Matevž Pesek/Aleš Leonardis/Matija Marolt

Compositional Hierarchical Model for Pattern Discovery in Music

We present a biologically-inspired hierarchical model for music information retrieval. The model can be treated as a deep learning architecture, and poses an alternative to deep architectures based on neural networks. Its main features are generativeness and transparency that allow insights into the music concepts learned from a set of input signals. The model consists of multiple layers, each composed of a number of parts. The hierarchical nature of the model corresponds well with hierarchical structures in music.
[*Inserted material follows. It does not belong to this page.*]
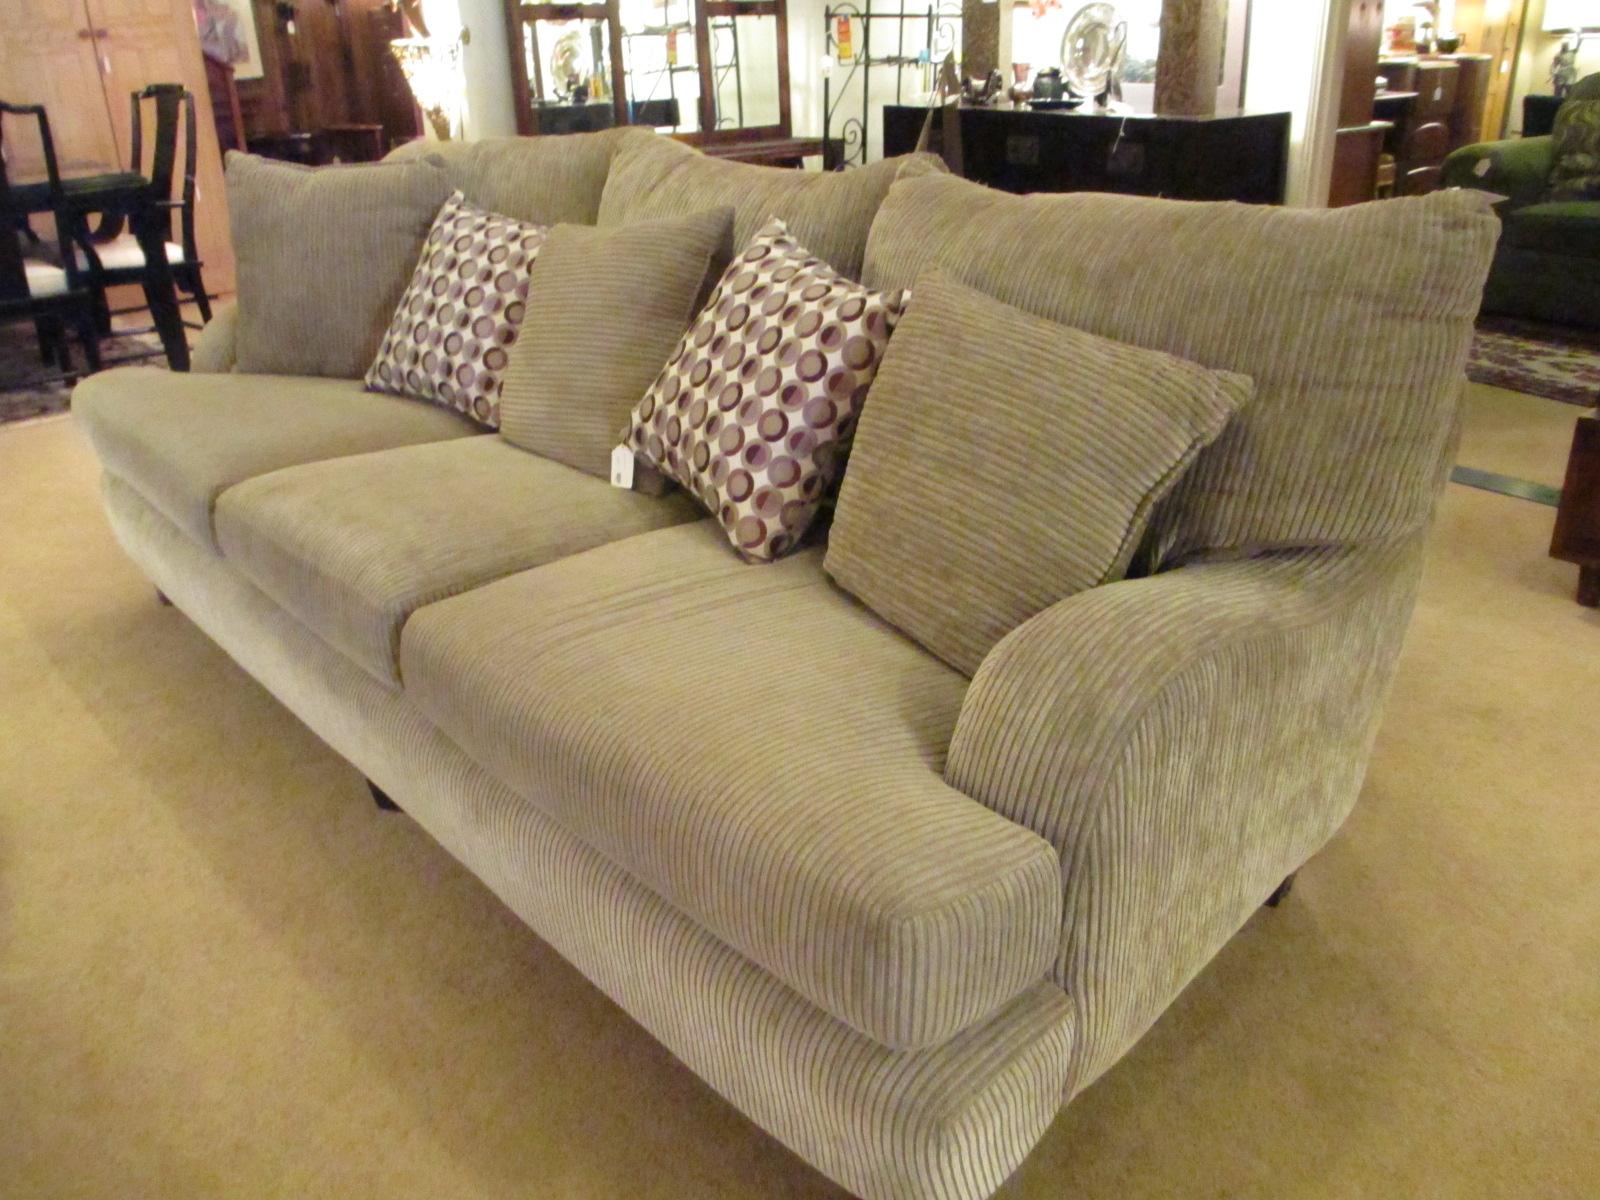 chenille sofa beds futon bed ikea khaki/grey ribbed – sold ballard consignment

If the model is learned on time-frequency representations of music signals, parts in lower layers correspond to low-level concepts (e.g. tone partials), while parts in higher layers combine lower-level representations into more complex concepts (tones, chords). The layers are unsupervisedly learned one-by-one. Parts in each layer are compositions of parts from previous layers based on statistics of co- occurrences of their activations as the driving force of the learning process. We show how the same principle of compositional hierarchical modeling can be used for event-based modeling by applying the statistically-driven unsupervised learning of time-domain patterns. Compositions are formed from event progressions in the music piece. Learning exposes frequently co-occurring progressions and binds them into more complex compositions on higher layers. We show how the time-domain model can be applied for symbolic data analysis, as well as with audio recordings.